听着樱儿在耳边絮絮叨叨的说着,陈清并没有像前世一样不耐烦,反而觉得久违了。头晕劲儿过去之后,她突然想到什么,问道:“樱儿,你怎么动作那么快,我记得我刚刚起来的时候,你好像在前院和桃儿、杏儿说话,怎么一下子就赶过来扶住我了?”

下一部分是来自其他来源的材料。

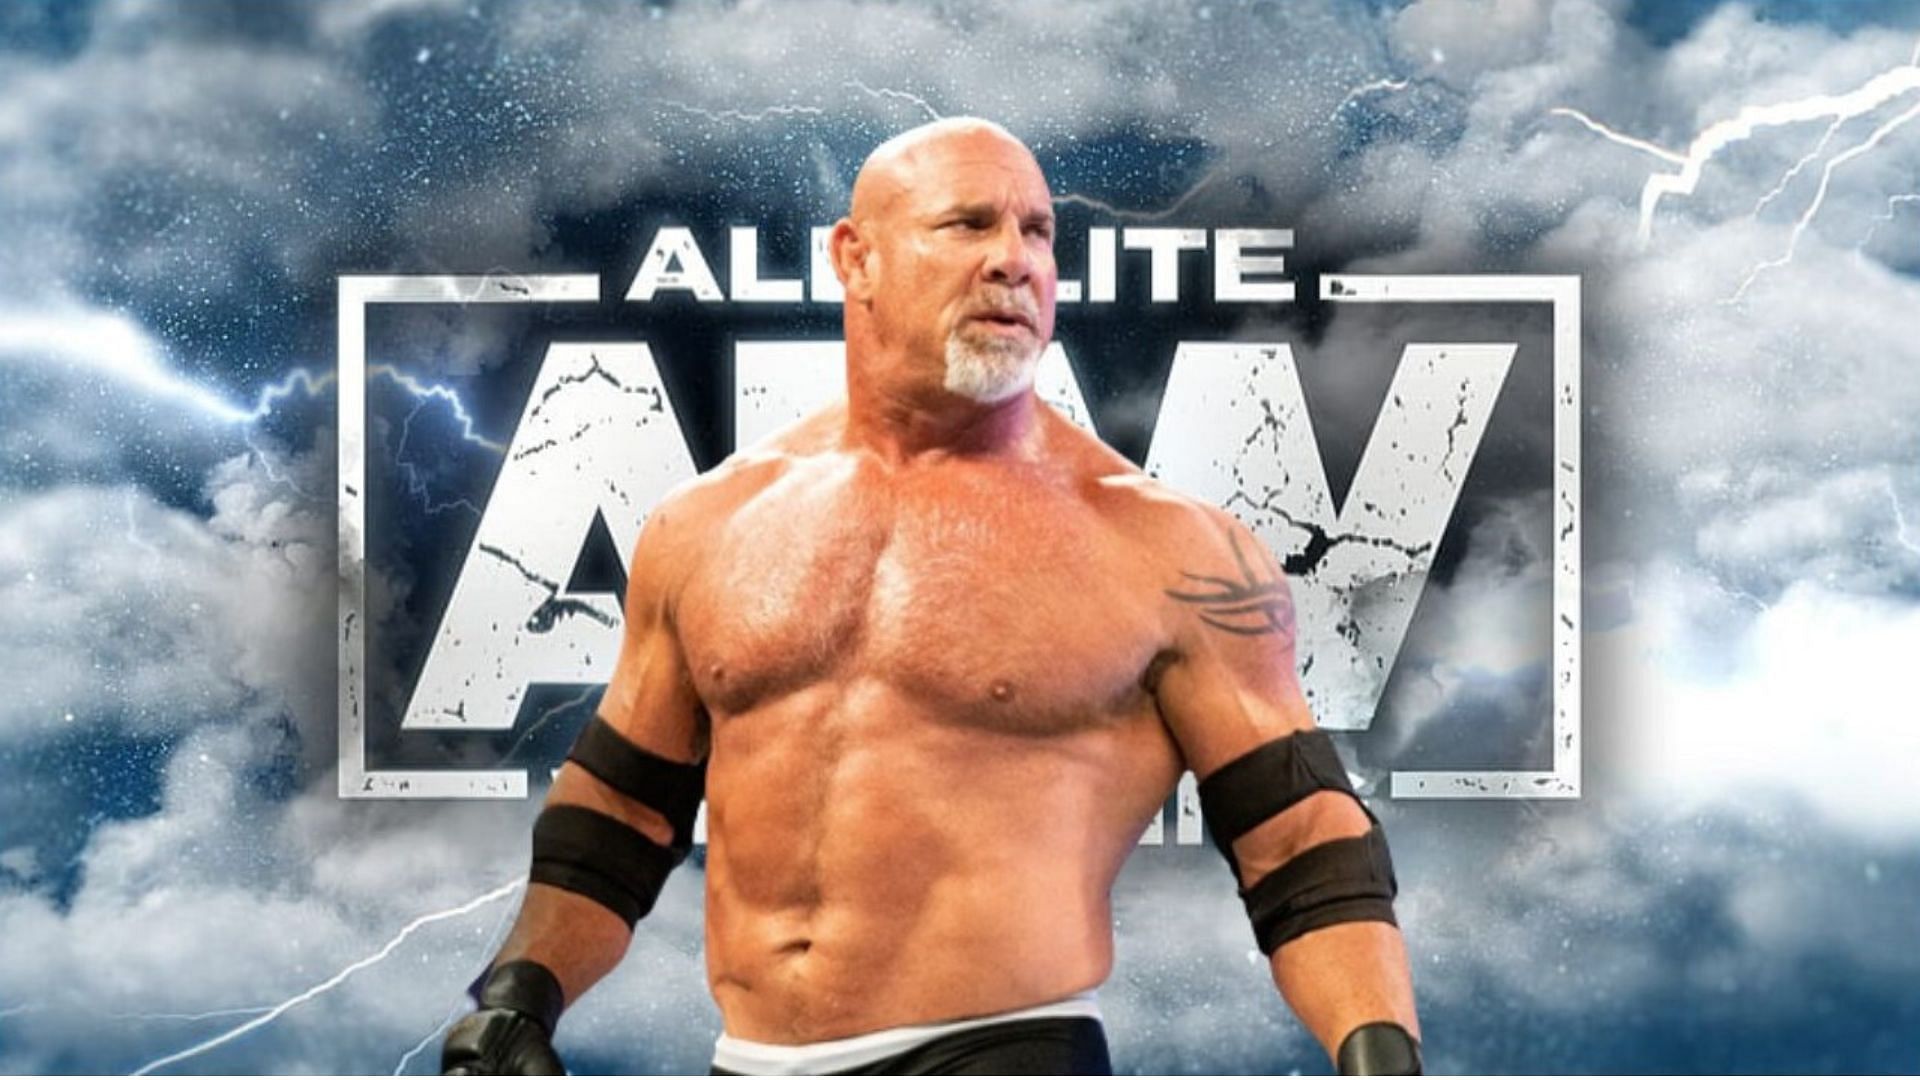 Will Goldberg eventually join AEW?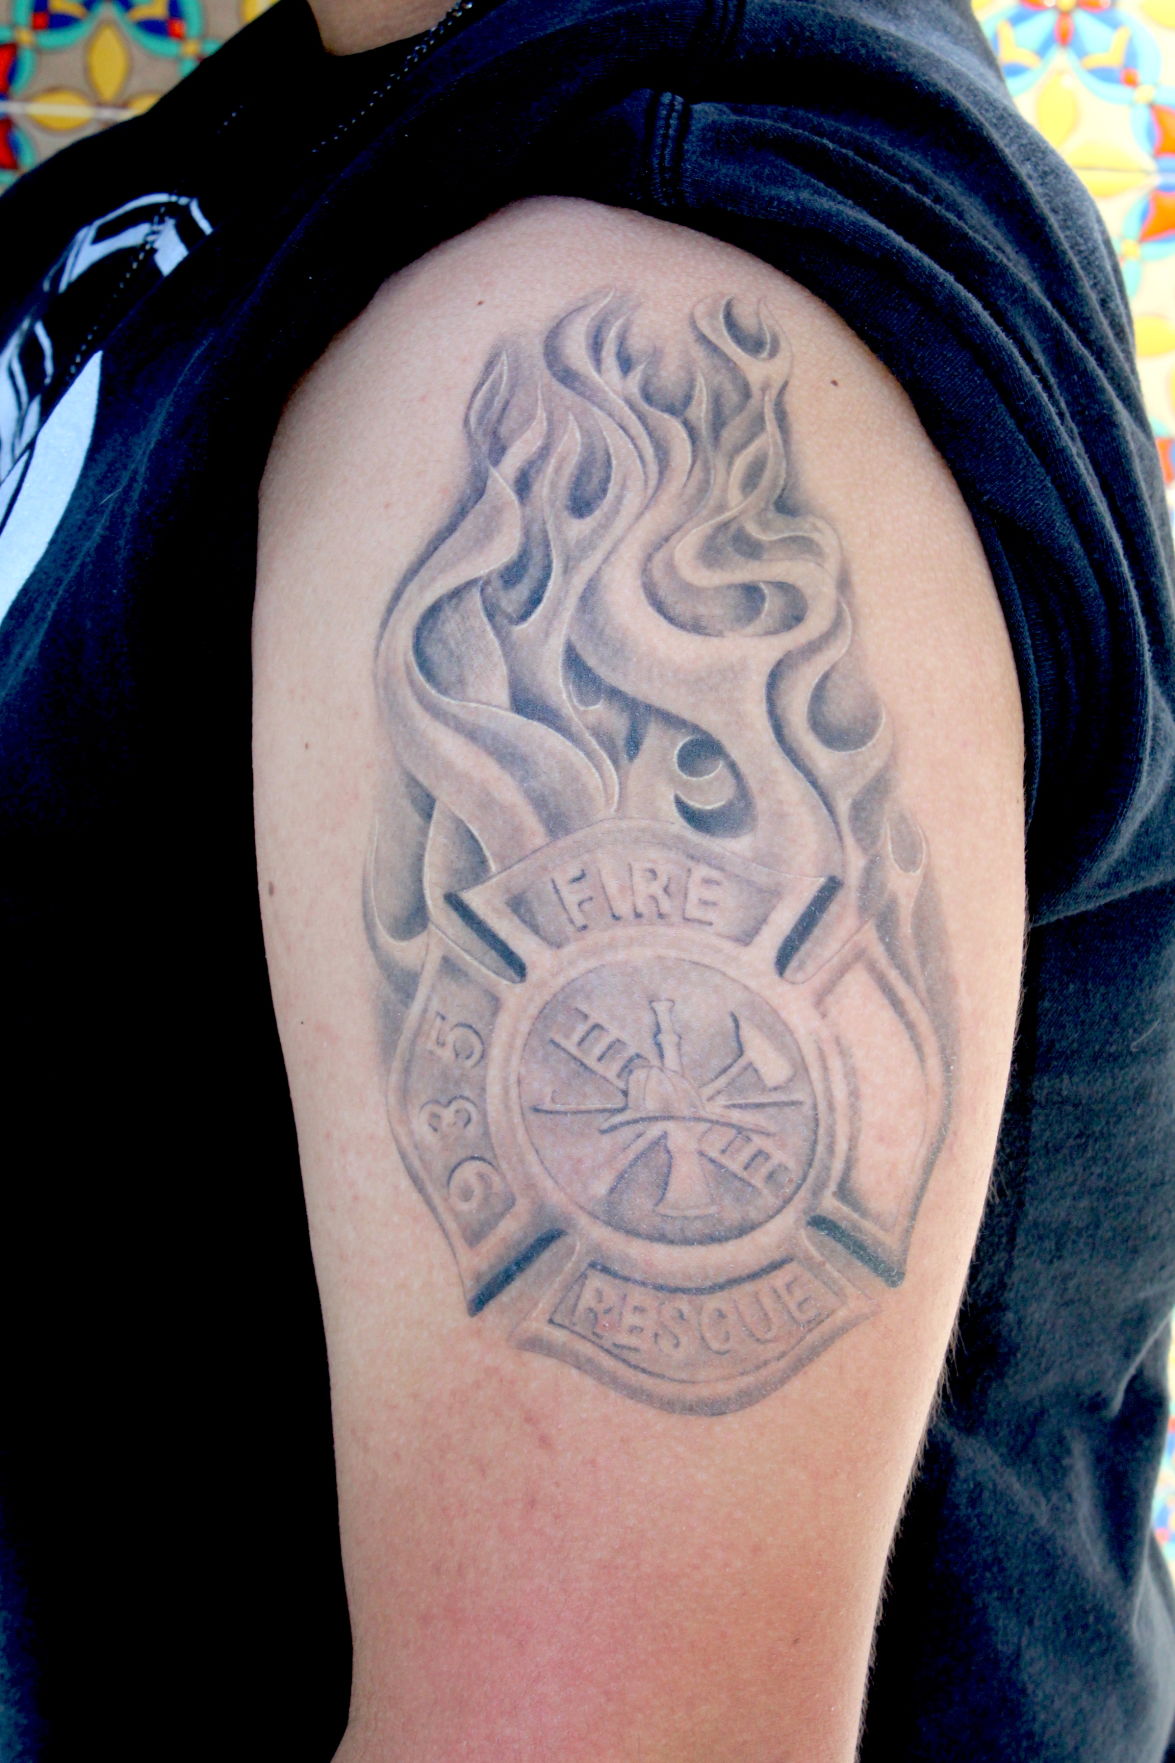 Firefighter sleeve | Fire fighter tattoos, Firefighter tattoo sleeve,  Fireman tattoo

突如其来的问话,打断了樱儿的唠叨,她噤了声,咬了咬发白的下唇说:“小姐,您知道的,樱儿自小无父无母,老家发了洪水,奴婢跟着逃荒难民的一路过来,为了保命,身子骨自然锻炼的利落些,幸好逃到了都城,遇见二小姐,才有了一个好归处。”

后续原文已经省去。